As Verhoeven doubles down on sci-fi action dystopia by tossing in a healthy dose of Leni Riefenstahl, another German filmic influence is simultaneously placed front and center. It’s hard not to be reminded of Douglas Sirk’s tongue-in-cheek Rock Hudson melodramas when these sassy teens join the army, killing in order to become citizens. The war against Klendathu often only serves as a backdrop for the love affairs and spiteful jealousies that carry the crew through boot camp, space pilot training and into the literal jaws of war. Casting white soap opera actors in the roles of Johnny Rico (Casper Van Dien), Dizzy Flores (Dina Meyer) and Lt. Carmen Ibanez (Denise Richards) should’ve telegraphed just what plane of outlandish parody Verhoeven was operating on, but many still weren’t sure how they were supposed to take Neil Patrick Harris as a psychic Nazi seriously (answer: they weren’t).
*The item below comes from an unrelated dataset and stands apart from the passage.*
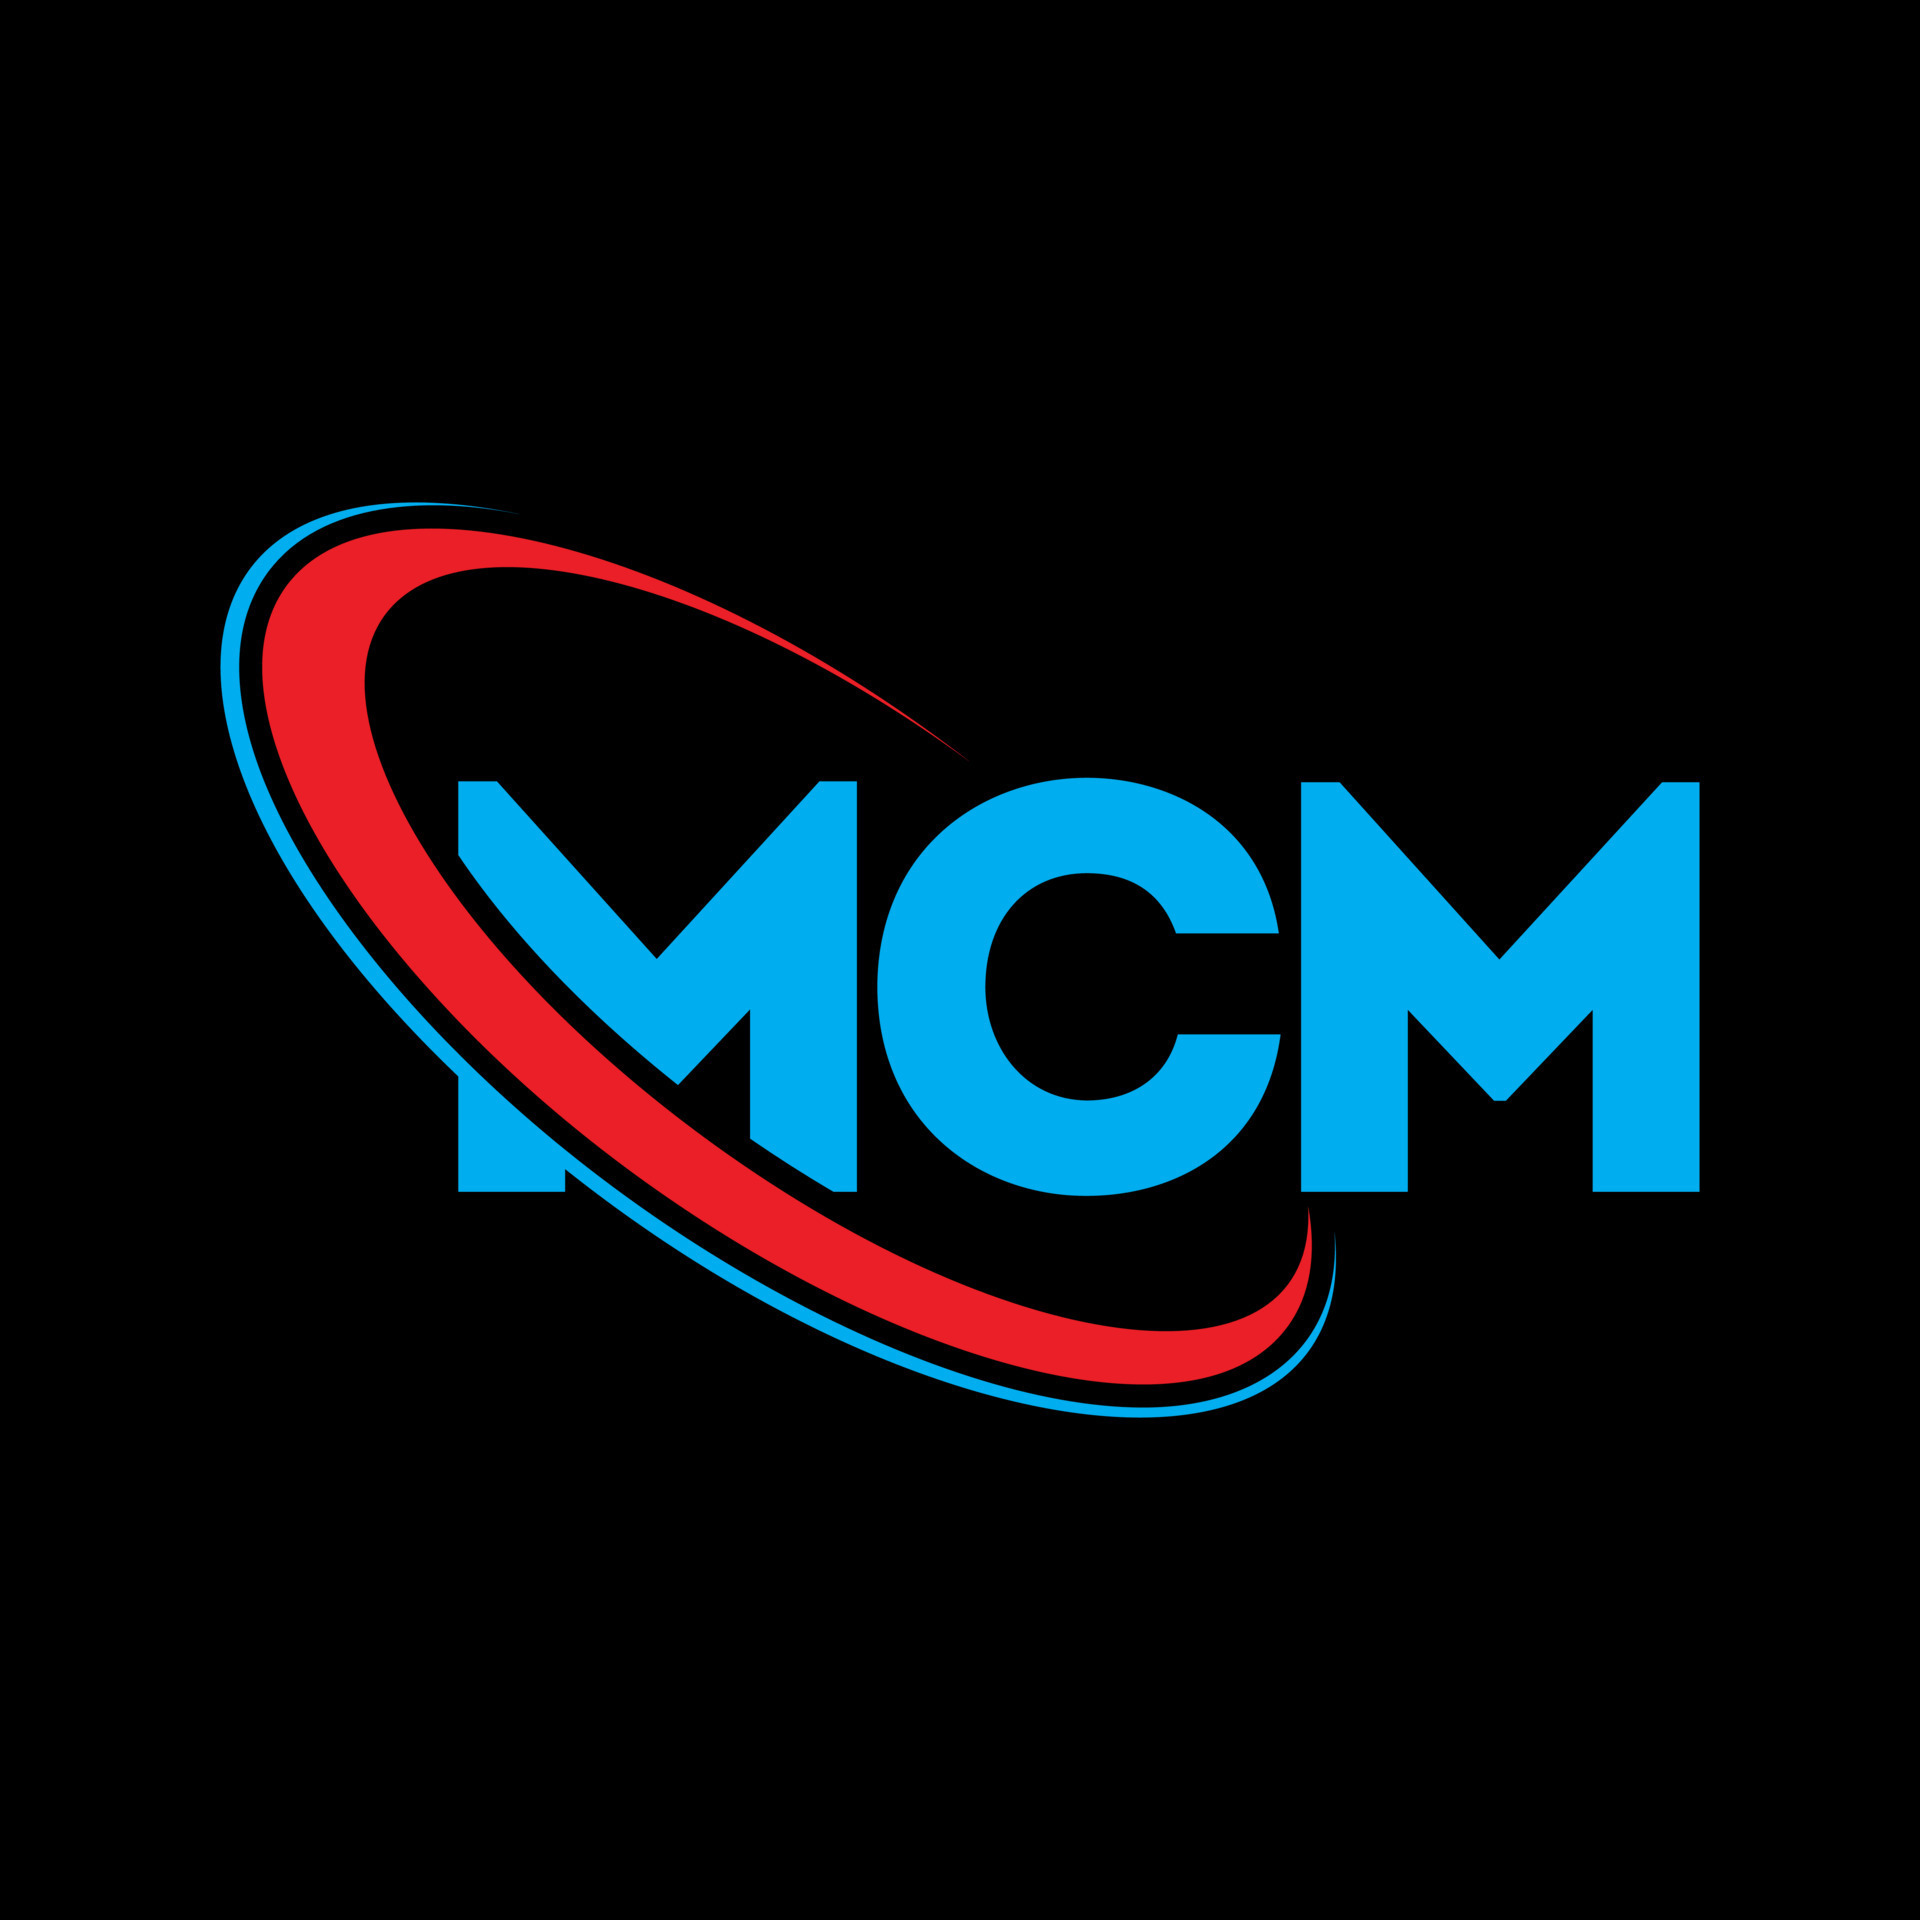 Lexica - Matrix logo design using MCM letters

In short, Starship Troopers is lampooning every ludicrous recruiting video that any army has ever offered up, as the enlisted are such selfish, brainwashed assholes that you can’t help but hope the bugs kill ‘em all. It’s yet another masterwork of tonal tightrope-walking, delivered by an exacting entertainer with one of the meanest mischievous streaks to ever inhabit a filmmaker’s belly.
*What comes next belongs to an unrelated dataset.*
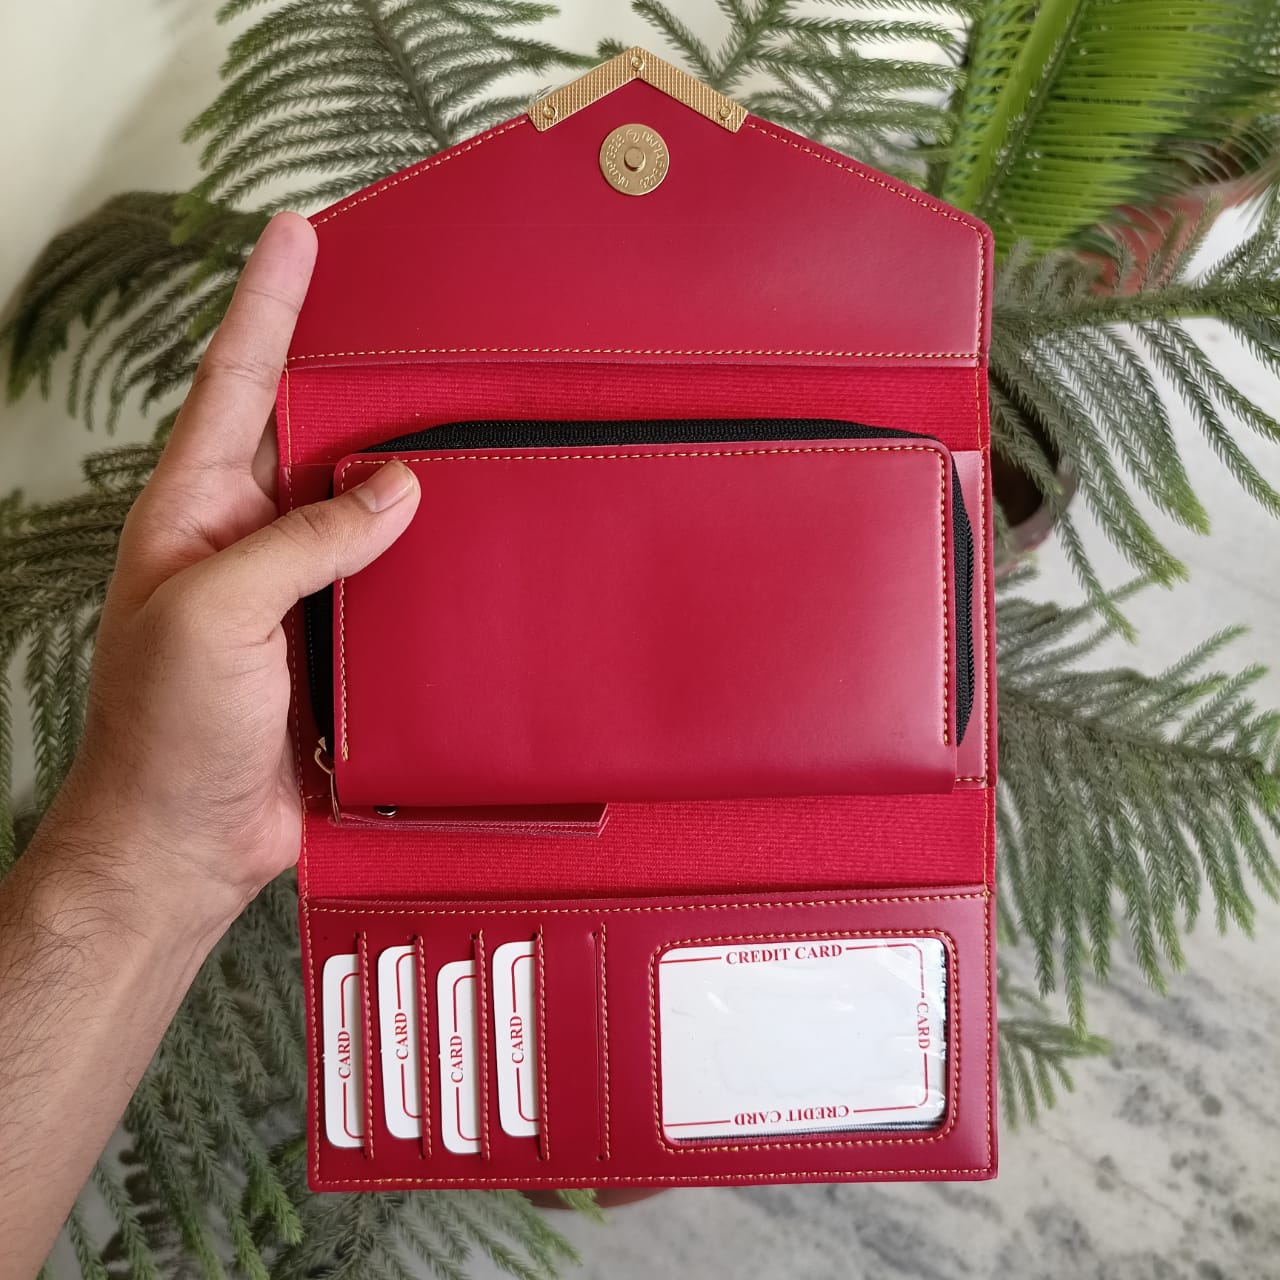 Personalized Women's Leather Wallet/Clutch

Even when Verhoeven isn’t necessarily operating in “top form”, his big studio output undeniably carries the lecherous fingerprint of a singular smut peddler. Hollow Man (’00) takes the invisible Claude Rains horror icon and updates him with an unhealthy dose of rapist aplomb. The last sci-fi spectacle the Dutch director constructed before disappearing for over half a decade is just as sexually depraved as his controversial '90s diversions, once again making the subtext text and asking what human beings would do if granted unthinkable power and the ability to exact their darkest fantasies undetected. It’s a movie where Dr. Jack Griffin’s stand-in (Kevin Bacon, hamming it up to the heavens) makes his major breakthrough after peeping on his busty next-door neighbor. Upon gaining his cloak of hiddenness, the first thing the mad scientist does is molest sleeping women before attempting to score with his ex (Elisabeth Shue). With great, unchecked power comes an incessant sex drive, and Verhoeven once again can’t help but explore the lustful souls of prideful men.

Really, the thematic core of Hollow Man (not to mention the whole of Verhoeven’s Hollywood output) is summed up via a crude joke Bacon’s ruthless researcher tells his team just before receiving the invisibility super serum. Its punch line revolves around Superman accidentally violating another hero’s anus while indulging an irrepressible moment of desire for a naked, writhing Wonder Woman. All Paul Verhoeven did upon moving to the US was pull adult pranks on the dime of major studios. Only his wild and unruly entertainments dragged genre filmmaking out of the proverbial ghetto and added both brains and cock to the proceedings. With Hollow Man, the perversion takes center stage in a way it never had before – a famous Universal Monster transformed into a sexual predator simply because he believes he cannot be caught. Verhoeven’s confronting the human side of horrors we recognize and then placing us in their shoes, letting every man in the audience wonder if they too would creep into a pretty girl’s room at night if they could get away with it (all while their date side-eyes them and ponders the same notion). In anyone else hands, Verhoeven’s American sci-f/action filmography would’ve been nothing more than empty spectacle. Instead, they’re subversive staples; products of a worldview shaped by bombs, bloodshed and a recognition that dark human desires coarse through the hearts of every person seated in the auditorium.